Open jpacik opened 6 years ago
Tasks could really use some of the other joins for retrieving task run logs. I think we can work around it in Go, but it would be a lot simpler if we could do it in straight Flux.
There is a discrepancy between the documentation and the actual product.
The documentation says:
method
The method used to join. Defaults to "inner". Data type: String Possible Values:
- inner
- cross
- left
- right
- full
But when using anything other than inner
, we get an error, such as
error calling function "join": left is not a valid join type
I think the documentation should be updated to reflect the fact that only inner
is currently supported.
Any chance this issue will get some attention in the near future?

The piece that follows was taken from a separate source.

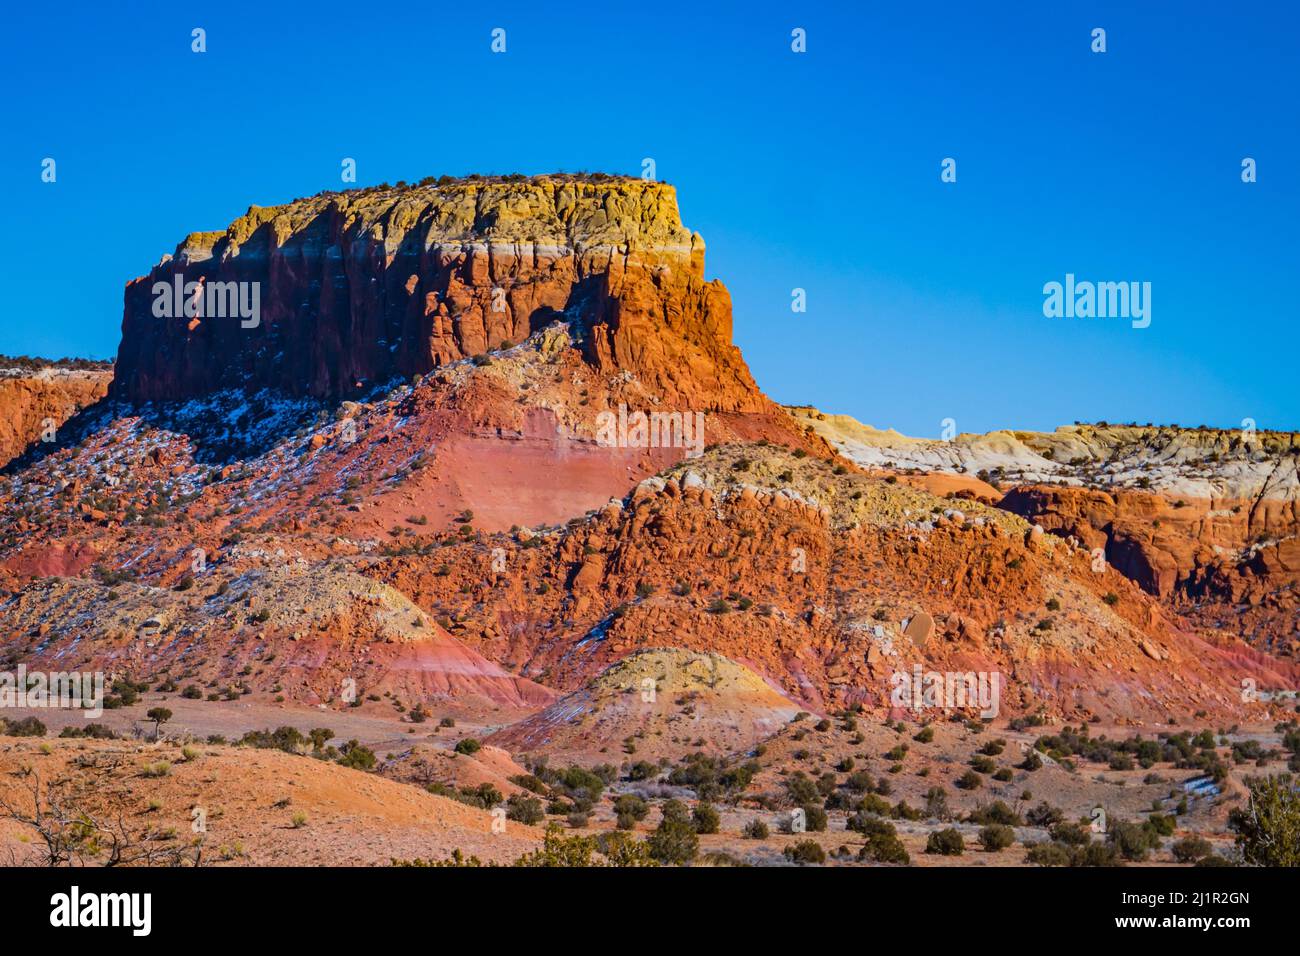 Mesa with colorful layers of sandstone and gypsum exposed after erosion over time Stock Photo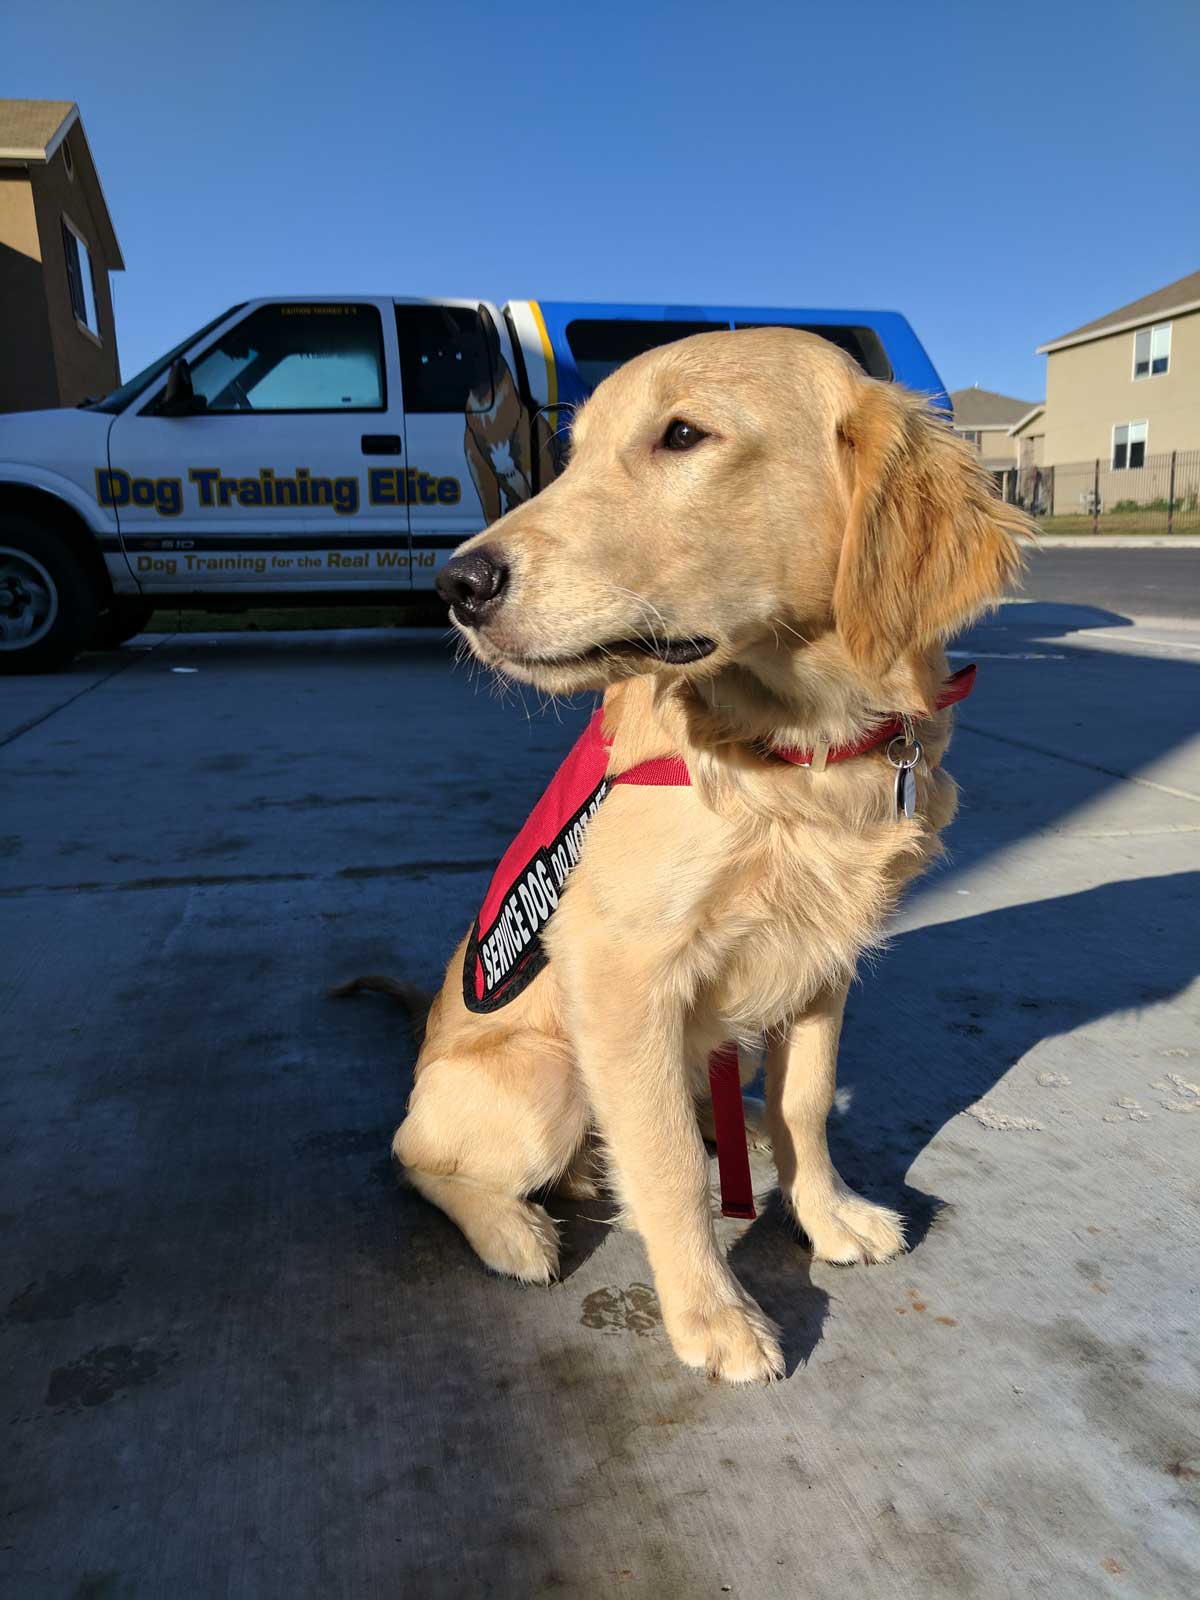 Dog Training Elite Colorado Springs is proud to have the highest rated service dog training programs near you in Colorado Springs.

A left join would be very handy for my use case.
@legomind I'll try and get this prioritized for you. We currently have some other things in progress at the moment, but I'll let you know when we start work on this.
@legomind Could you share your use case? Seeing an example Flux script of what you are trying to do along with the data schema you are using would be very helpful. Even if the Flux script doesn't work, just seeing how you would expect it to would is great.
@jlapacik Thanks that would be awesome. @nathanielc My use case is pretty simple, but highly specific. I have two energy meters one at the circuit breakers and one attached to a dehumidifier. The circuit breaker energy monitor reports a measurement for most of the breakers as well as the total house use. It also reports the difference between all the monitored individual breakers (all combined) and the total usage, leaving me with the combined energy use of the remaining, unmonitored breakers (called 'other' in this example).
My second energy monitor is attached directly to the dehumidifier and the measurements are recorded to another db.
My goal is to take subtract the dehumidifiers energy use from the 'other' measurement. The following script works fine for me until the dehumidifier in turned off, then of course, there is nothing to match to, and the rest of the graph data is omitted.
I am very new influxdb and any suggestions or improvements will be welcome.
other_total = () => {
other = from(bucket: "iotawatt/autogen")
|> range($range)
|> filter(fn: (r) => r._measurement == "other_total" and r._field == "value")
|> aggregateWindow(every: $__interval, fn: mean)
|> keep(columns: ["_value", "_time"])
d = from(bucket: "home_assistant")
|> range($range)
|> filter(fn: (r) => r._measurement == "switch.living_room_dehumidifier" and r._field == "power_consumption")
|> aggregateWindow(every: $__interval, fn: mean)
|> keep(columns: ["_value", "_time"])
return join(tables: {o:other, d:d}, on: ["_time"])
|> map(fn: (r) => ({
_time: r._time,
_value: r._value_o - r._value_d,
_measurement: "Other", }))
}
other_total() |> yield(name: "Other")
@legomind so if the dehumidifier is turned off for a period of time, currently join
would not produce any rows for that time range. But you would like it to still produce rows for the the other
measurement, even if the dehumidifier is turned off? Am I understanding that correctly?
Correct.
I also got tripped up by this one trying to use left join with a very similar use case to @legomind - in my case I am trying to drop one series to 0 when another 'cutter' series is > 100, and am getting infrequent data from the 'cutter' series and would like to try with a left join.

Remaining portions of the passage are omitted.